Out of the 30 side effects listed the Bavituximab arm has a higher (less good) percentage then the control arm. Without the CODING we don't know if Bavituximab CAUSED them but just lets assume worst case that it did. In 2 cases it MILDED the side effects and in 4 cases it totally took them away. So let's look what side effects are assumed to be increased by Bavituximab in grade 3-4:

Neutropenia and Anemia
No problem, SUSEPTABILITY to infection doesn't do anything it is based on white blood-cell count. White blood cells are ALSO destroyed by Chemo. Yet Bavituximab diminishes infections, as another part of the document shows, hence it has the cure in case it would be the cause of these infection. Pallor and weariness due to deficiency of red cells or of haemoglobin in the blood, Anemia, is CERTAINLY not cause by Bavituximab but is know to be a side effect of all Chemo.

Diarrhea, Constipation, Headache, Arthralgia (Joint pain), Asthenia (Weakness), Dehydration
Unpleasant, treatable and not harmful when treated.

Stomatitis
Infected lips/Sour mouth. We could call this a possible side effect of bavituximab if Bavi would prove to be the cause of Neutropenia.
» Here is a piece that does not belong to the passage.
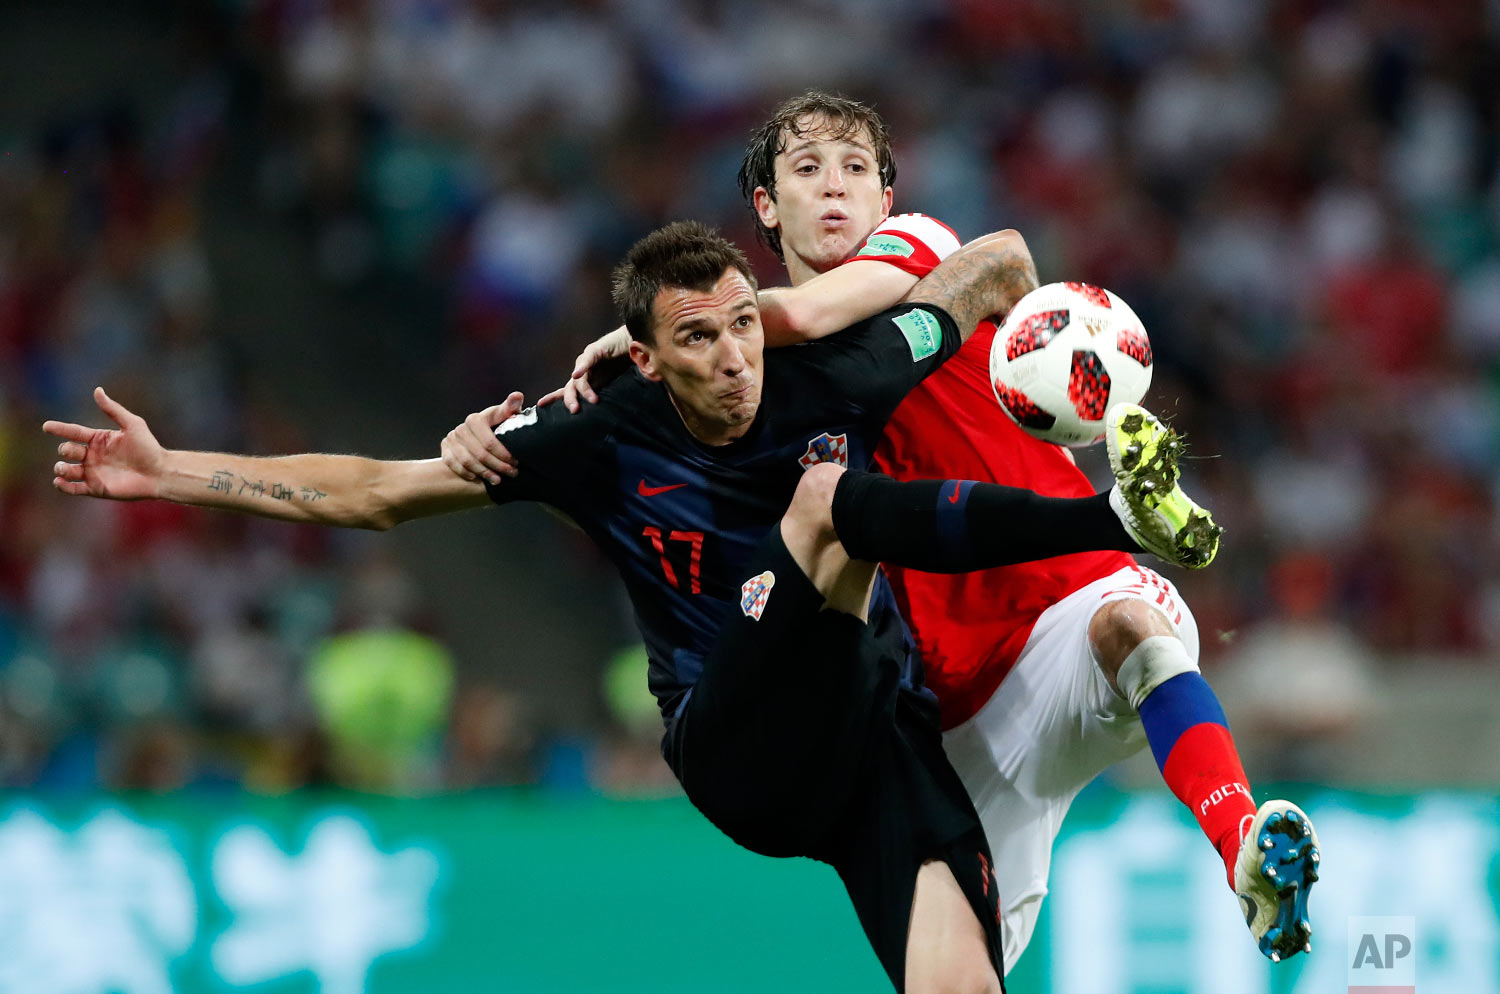  Croatia's Mario Mandzukic, left, challenges for the ball with Russia's Mario Fernandes during the quarterfinal match between Russia and Croatia at the 2018 soccer World Cup in the Fisht Stadium, in Sochi, Russia, Saturday, July 7, 2018. (AP Photo/Re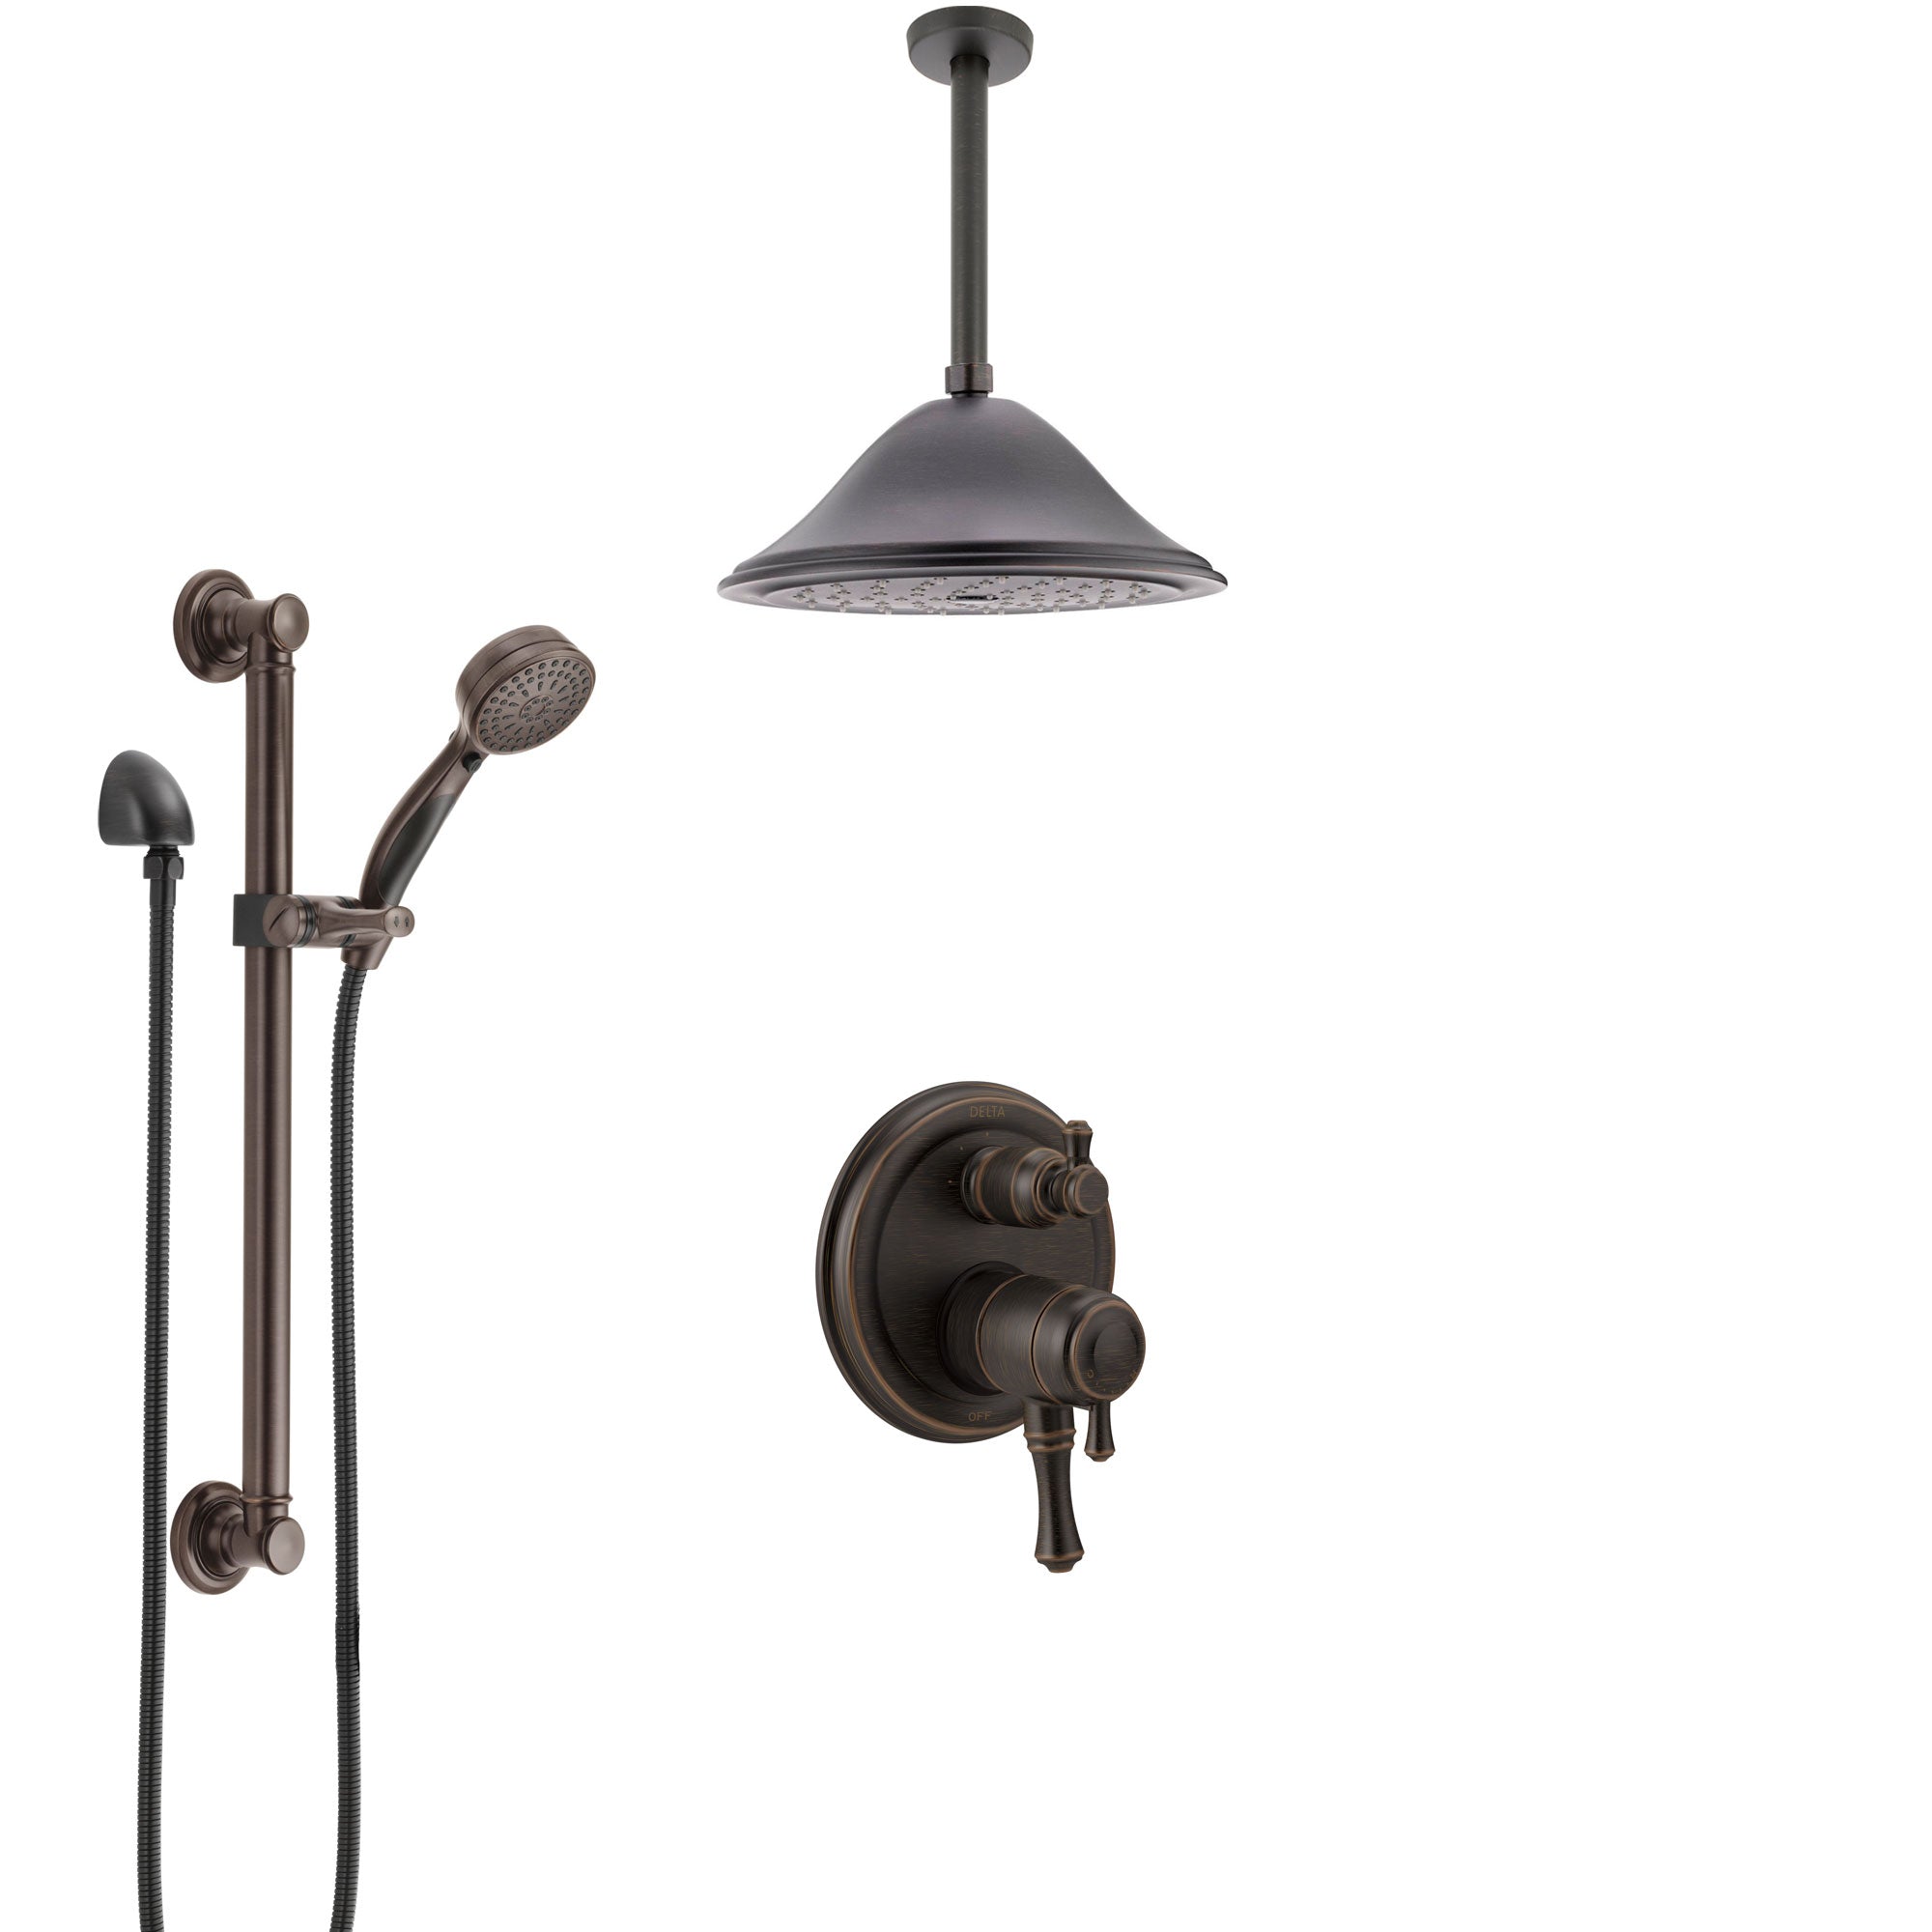 Delta Cassidy Venetian Bronze Shower System with Dual Control Handle, Integrated Diverter, Ceiling Showerhead, and Grab Bar Hand Shower SS27897RB8

Possibly the exteriorisation of the infection and the lower part of exposed PS of it on the vacular side might make it impossible for Bavi to deal with this infection or MILD it.

Conclusion

If we consider the PII data as valid although from where I stand the lack of a Bavituximab less arm to compare with make it less, then we can say that the statement: NO SIGNIFICANT side effects is correct.

Such statement is always weighted in relation to what other drugs do (if something breaks down your wall then something that causes a few bricks more to fall is sometimes insignificant as those bricks ALONE wouldn't have been a problem if that something else wouldn't have made the wall fall to begin with). And very possibly the few bricks extra wouldn't have fallen at all if the wall didn't came down to begin with.

And as we do not have the NCI CAUSE CODINGS we kind of even don't know if the above side-effects of which, in a worse case assumption, I assumed that all increases where cause by Bavi, are caused by Bavi.

What we know for sure is that there are certainly no NEW side effects that didn't exist AT ALL in Chemo alone that were added to the list.

Last but not least remember that you need to subtract the % of each other. Neutropenia 22.5% in Bavi arm vs 20% in Control arm means a potential increase cause by Bavi of 2.5% and not 22.5%.

Add to that:

In this trial, there was a lower incidence of vascular events in the docetaxel with bavituximab 3 mg/kg arm (n ¼ 1; DVT) than in the combined docetaxel with placebo/bavituximab 1 mg/kg arm (n ¼ 5; DVT, PE, CVA).

and I think we are good in the safety and side-effects area.

It would have been better if we compared with historical Docetaxel alone arms or possibly SUNRISE 178 look-in 1 side effect data but we don't have it.